Within them lay the seeds for an infinite amount of our enemy.

This drash could reproduce without ceasing.

So long as one lived, he could multiply into two more, and then each of those into two more, and onward.

It was the quality that made Magnum special among the drash.

Skullcrusher began struggling—all in the mindspace or also in the physical, I couldn’t determine. My own body felt beyond my reach.

He resisted my control. I fought back.

He hardened his will against me. I hardened mine more.

He attempted to pull free, to disrupt the flow of lushe that linked us. I didn’t allow it. I reinforced the connection … and reversed the flow of energy.

This time, it worked.

Now his essence was streaming into me, mine that he stole returning with it.

When his fear first burgeoned, I believed it was mine. But before long I realized the terror I was experiencing was his.

He understood what I was only just beginning to sense: This, this that I was doing, it was dreamwalking.

There was no requirement for sleep or dreaming. I was traveling among his thoughts, his mind. Worse still for him, I suspected I could actually overpower them.
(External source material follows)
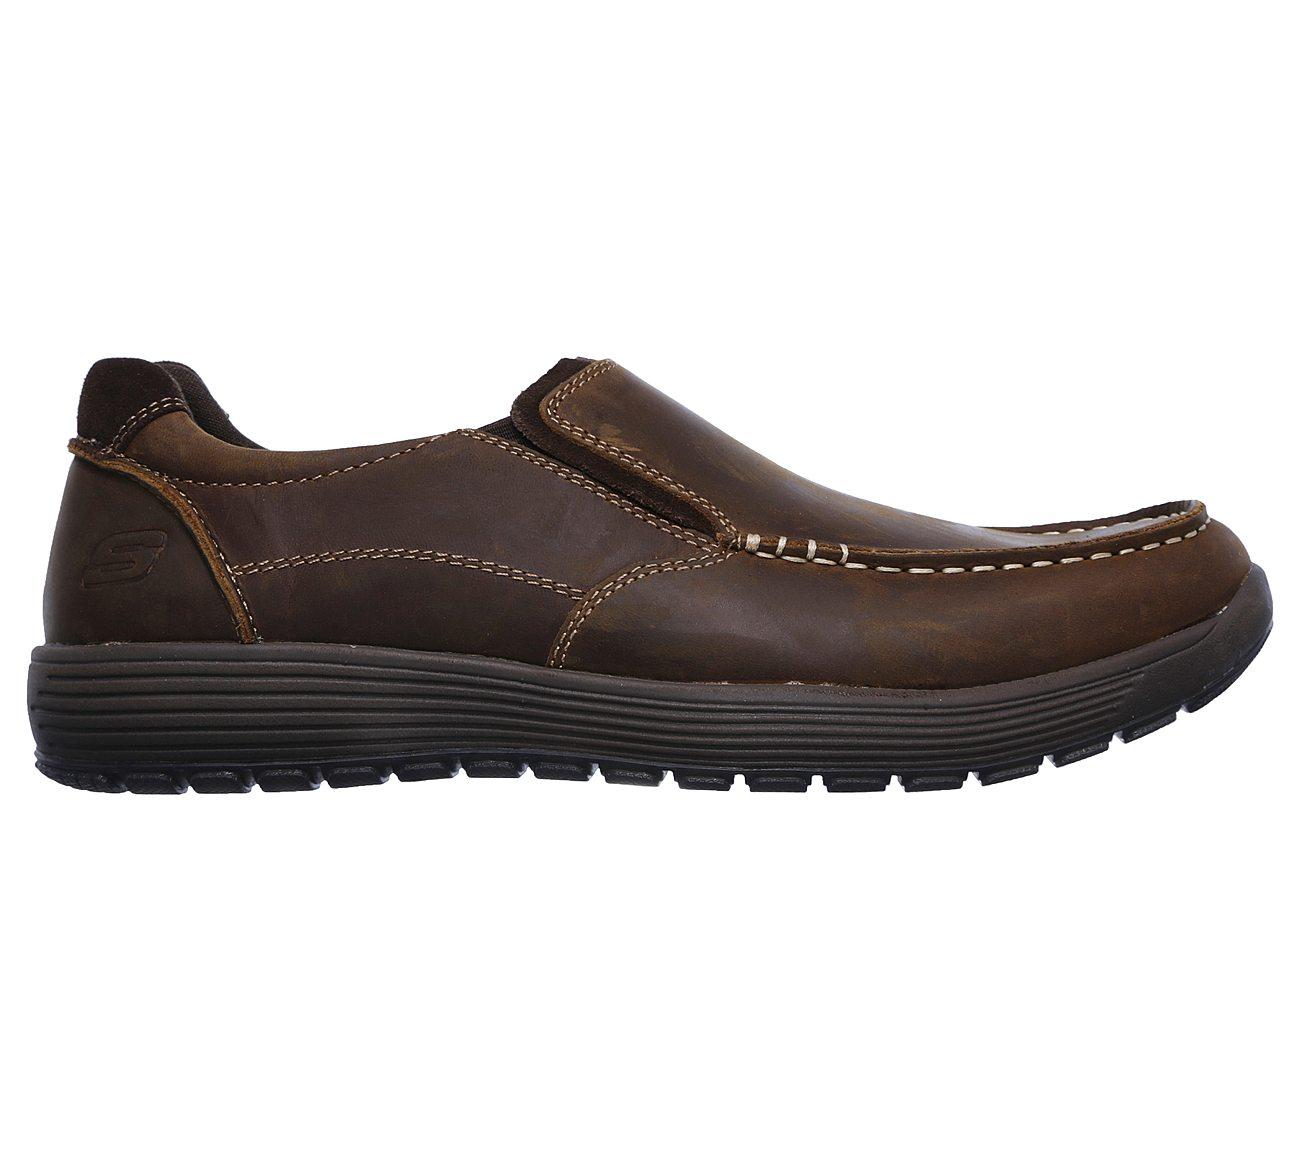 Perlo SKECHERS Skech-Air Shoes

I could force my will upon his.

Abruptly, I discovered Skullcrusher’s hands gone from my head. My skull pulsed, but only in recovery from his assault. Shoulderwrencher, too, had released me.

My thighs quivered as I struggled to keep myself upright. My shoulders tingled as if swarmed by fire ants.

It was a smart move on Magnum’s part. My physical body was signaling, and loudly, that it required immediate attention.

I had to refuse it.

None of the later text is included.